イランの外務次官は「正式な署名後に覚書の全文が公表される」と述べていて、最大の焦点であるイランの核開発問題については、「60日間の交渉期間中に協議する」と表明したといいます。

また、仲介国パキスタンのシャリフ首相はSNSで、「レバノンを含むすべての戦線で、即時かつ恒久的に戦闘を停止することを双方が宣言した」、公式の署名式は「6月19日にスイスで行われる」と明かしました。

■イスラエルは“反発”阻害要因の可能性も

一方で、イスラエルは“反発”をしていて、カッツ国防相はレバノンから撤退しないと述べたということです。

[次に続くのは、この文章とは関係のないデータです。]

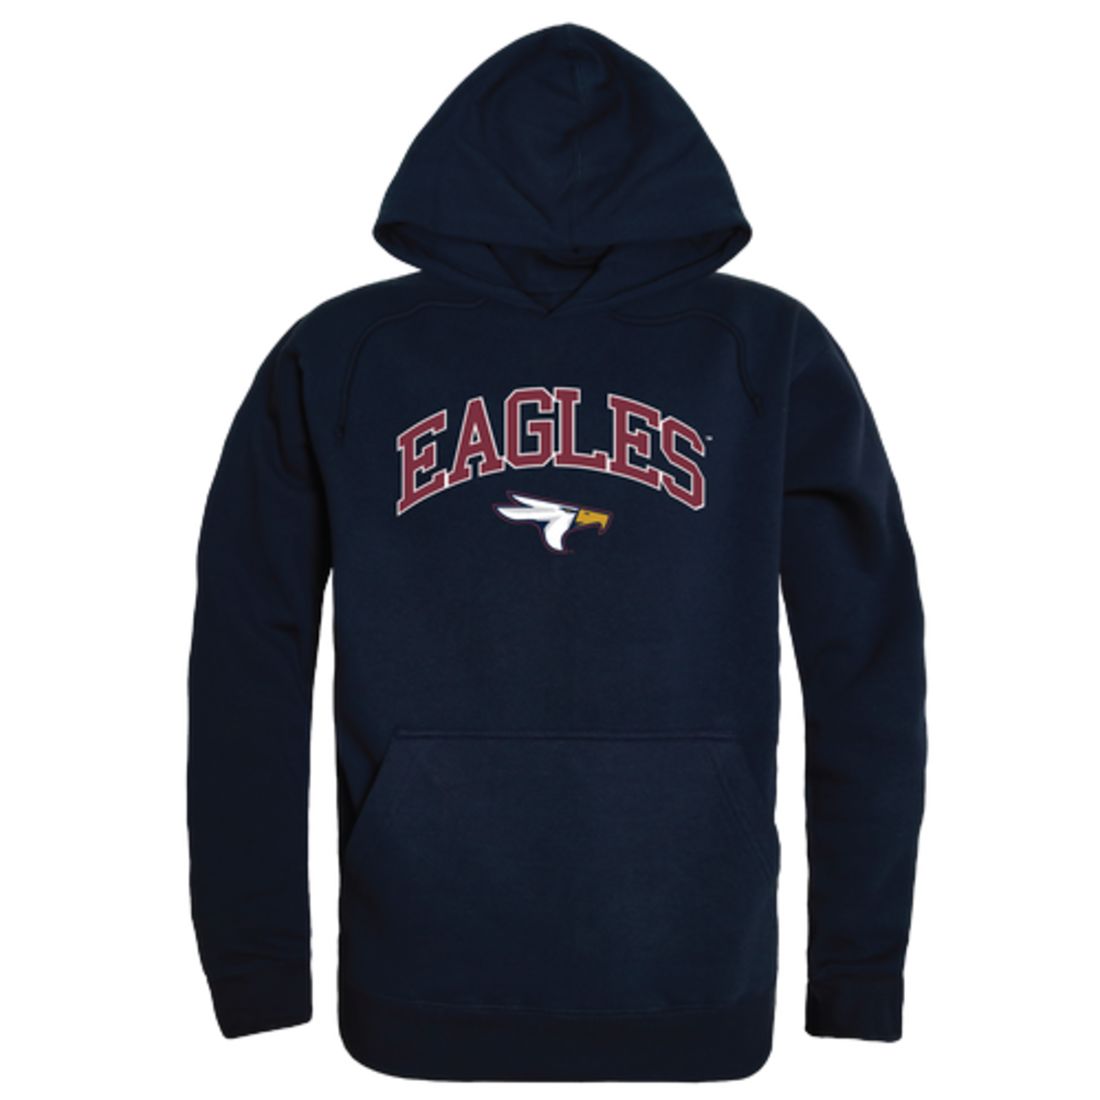 Texas-A&M-University-Texarkana-Eagles-Campus-Fleece-Hoodie-Sweatshirts
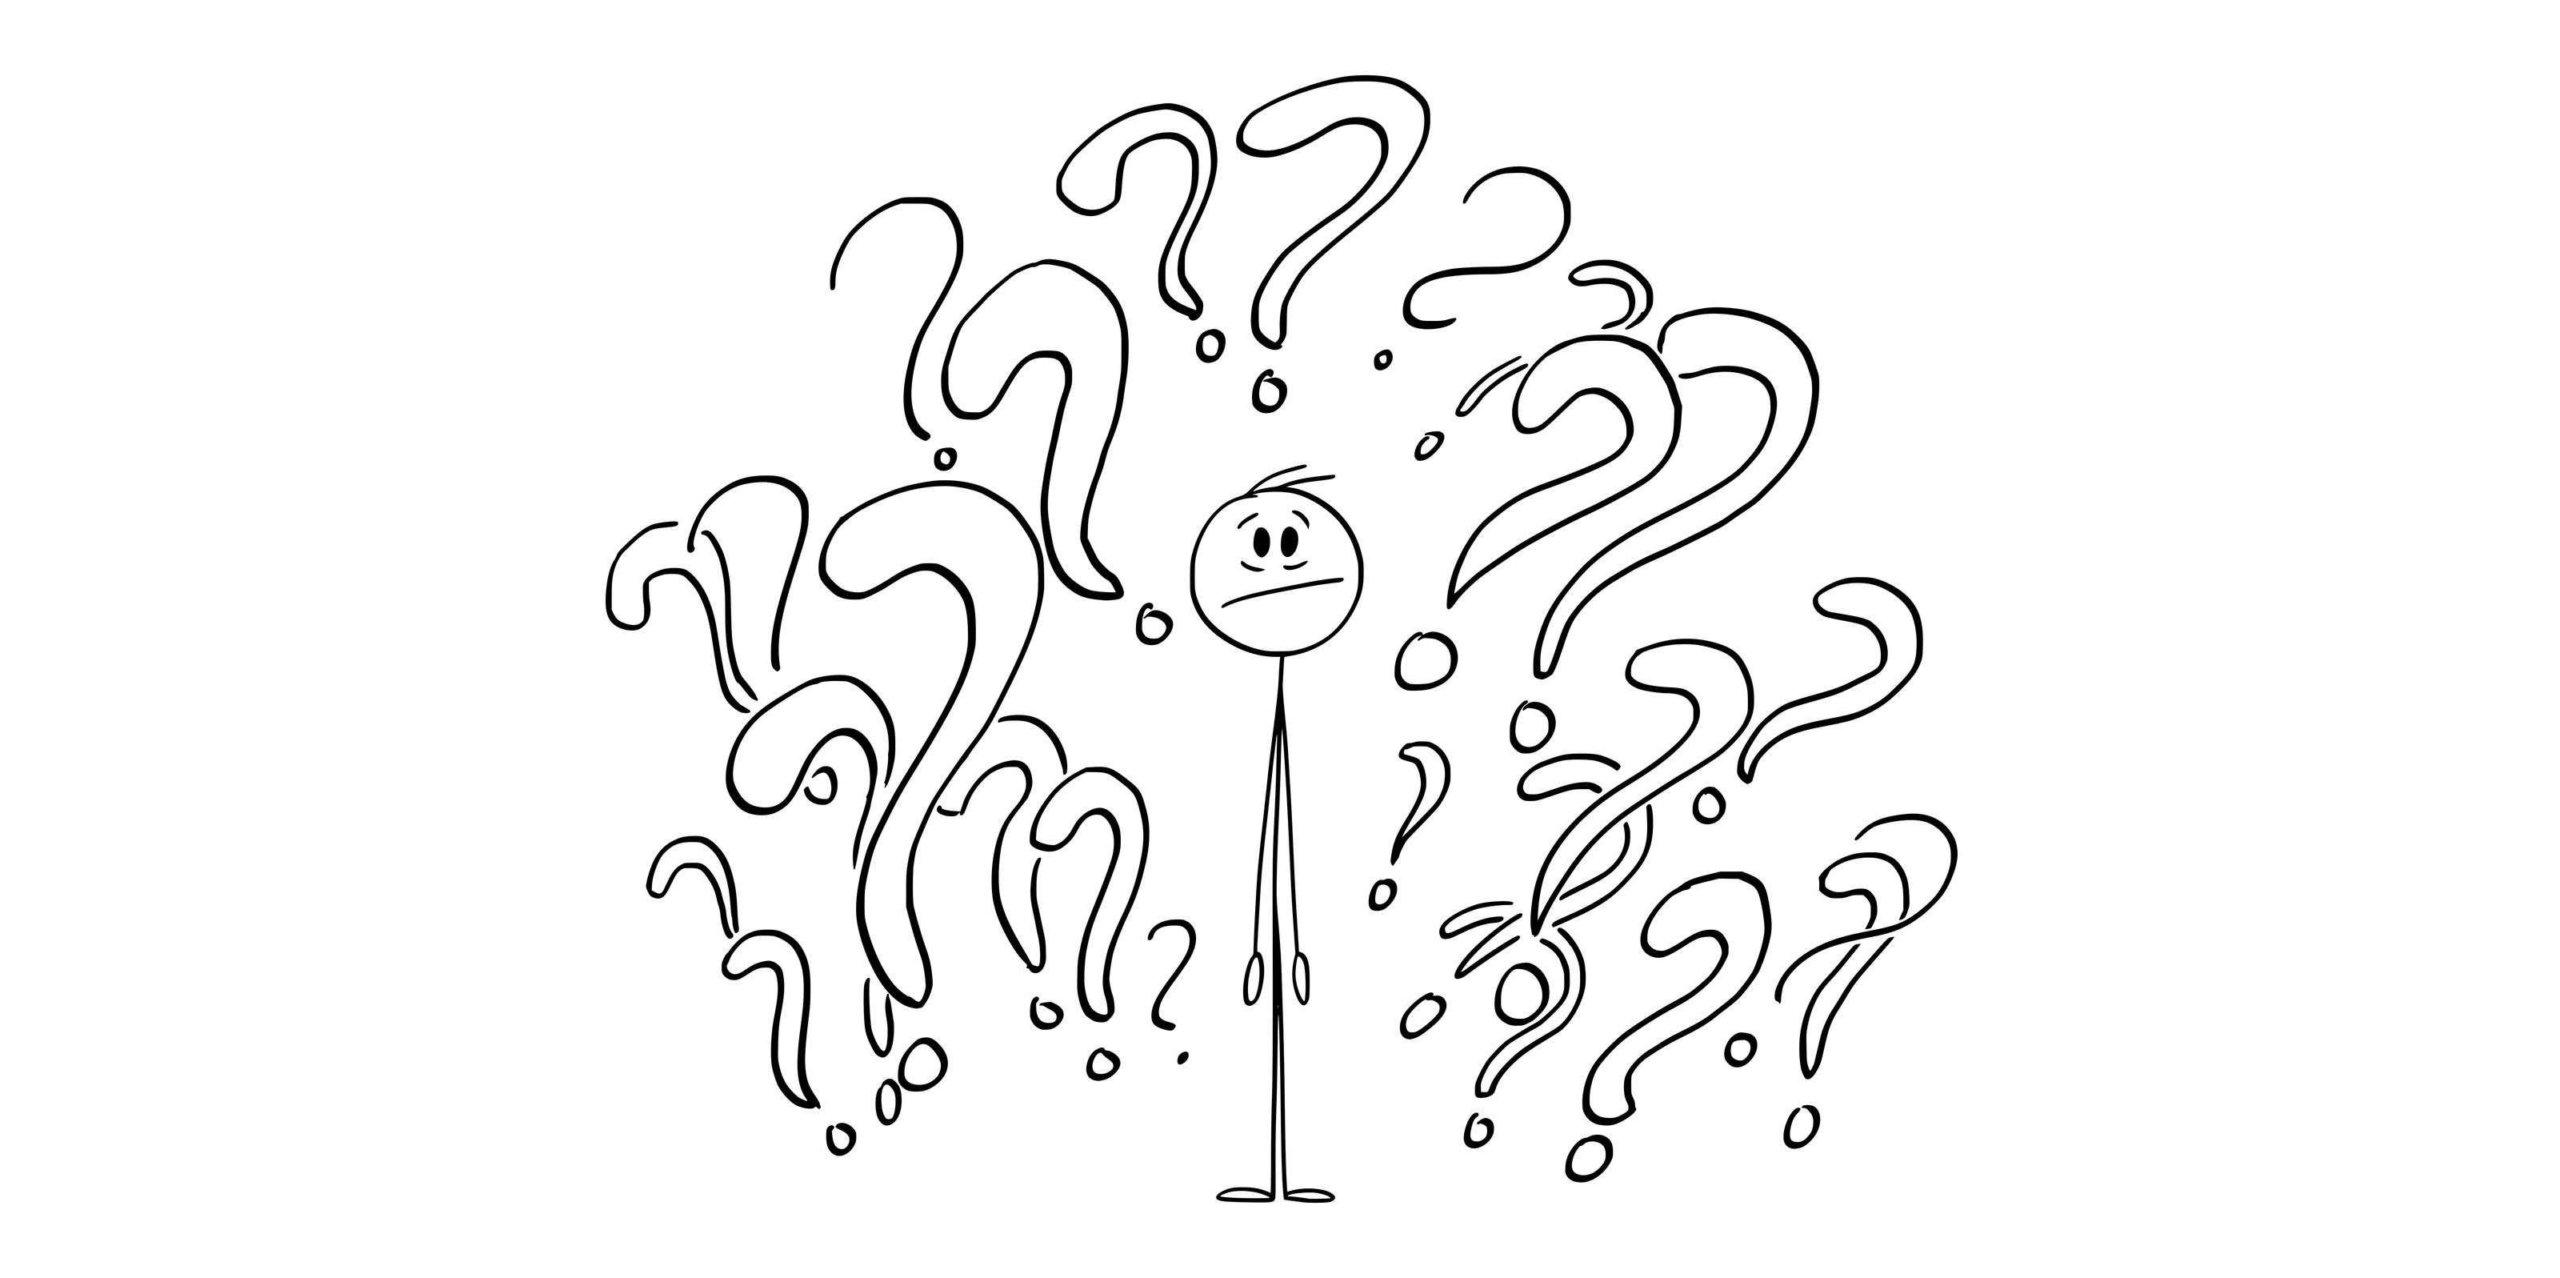 Person, umgeben von Fragezeichen oder Symbolen, unsicher auf der Suche nach Antworten, Vektor-Cartoon-Strichmännchen-Illustration

専門家は、イスラエルが交渉の阻害要因になる可能性があると指摘します。

アメリカ政治に詳しい明海大学・小谷哲男教授
「イスラエルは交渉に関わっていたわけではないので、自分たちはそれにとらわれないという立場。トランプ大統領はネタニヤフ首相に圧力をかけていく。究極的には、アメリカはイスラエルの軍事支援を止めるカードを持っている。そのカードをチラつかせることもある」

■戦闘終結すれば今後の原油価格は?

戦闘が終結すれば、ホルムズ海峡が開放されて、原油の供給が回復すると期待されますが、今後の原油価格について専門家は、「中東の石油精製施設などが被害を受けたり、減産したりしていることなどから、元の相場や供給体制に戻るには3か月ほどかかる」と指摘しています。